We know Locke will man the punt and kickoff roles, and we know that McDermott will be the long snapper. But after those two, the depth chart gets a bit trickier. Joe Roberts handled the vast majority of field goals during spring ball and was really inconsistent, even inside of 40 yards. It's not as if he doesn't have a leg- when he gets into one, he could probably hit from 50. It's just that his swing is not consistent, and he has a tendency to just hit the ball very wrong, causing low, knuckling kicks, and other wide variance. It's probably much too much to expect him to improve enough by the fall to provide much competition for Ka'imi Fairbairn when he arrives for August practice. If Fairbairn isn't ready, then the kicking game could be in more trouble than it was last year, when Rick Neuheisel had to turn to a soccer manager to kick field goals.

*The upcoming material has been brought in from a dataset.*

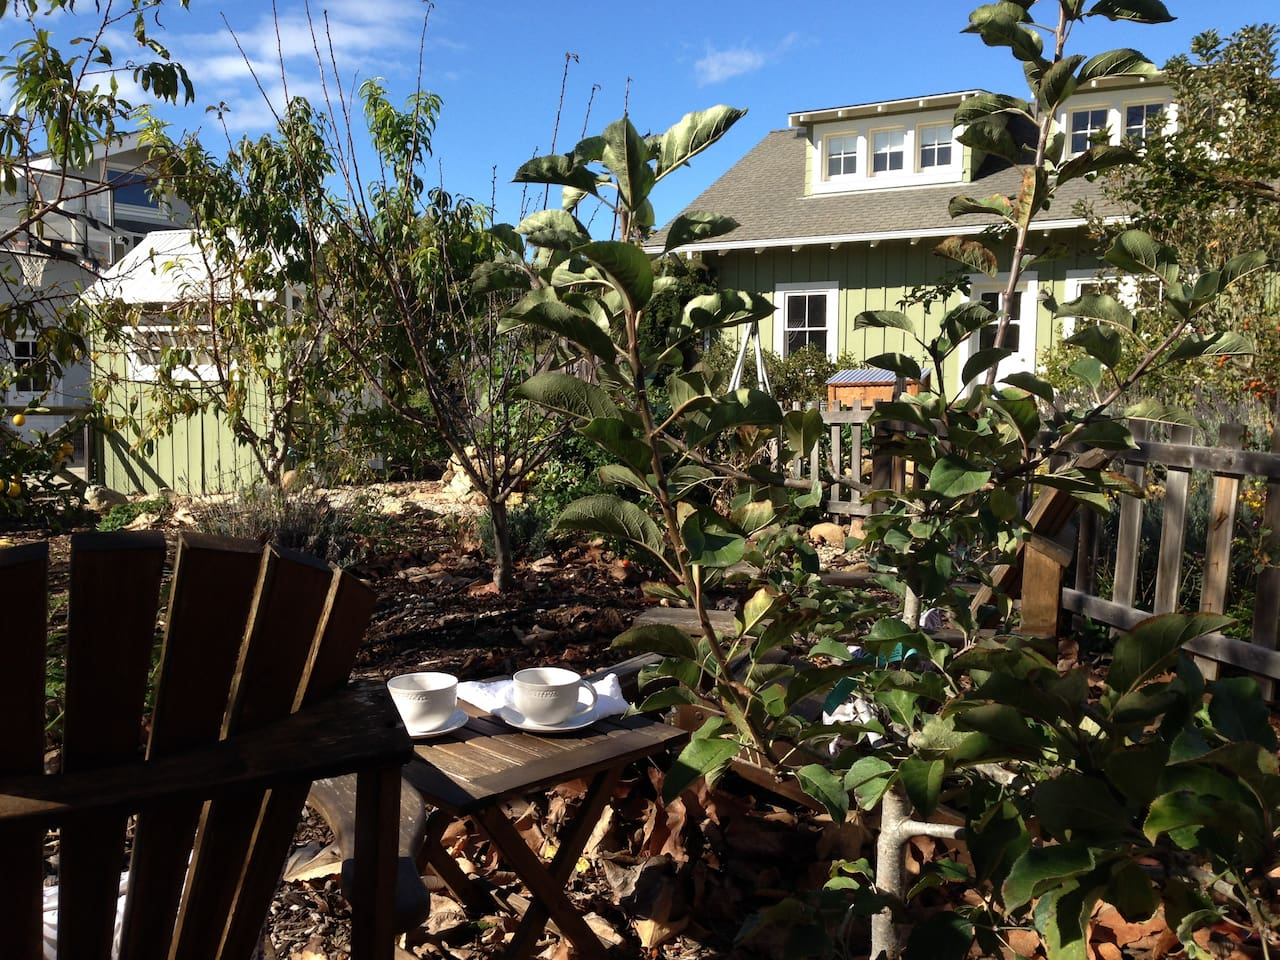 Garden Loft Apartment Near Beach - Houses for Rent in Santa Barbara ...

At the two return spots, for once, UCLA seems like it has a few good options, and what's more, it seems like the coaching staff is actually giving play makers a real shot to steal the jobs. At kick return, the two top returners looked like Jordon James and Steven Manfro, and that was born out in the spring game. James didn't flub a single kickoff that I saw in 14 spring practices, and so of course, the first kickoff he handled in warmups before the spring game he muffed. He does look much more comfortable handling kickoffs than punts, although he, at times, has an awkward over hand catching style on the more line-drive type kicks. Still, he fielded most balls cleanly during spring, and looked electric in the open field.
Manfro is another excellent possibility. He fields the ball much more consistently, and with cleaner technique, than James, and has probably equal shiftiness, but doesn't quite have the top gear that James has. His return in the spring game was a thing of beauty, though, and he has excellent open field vision. It's going to be a fun battle between these two to see which can handle the return duties, but one thing is very clear: there will be a legitimate playmaker on kick returns.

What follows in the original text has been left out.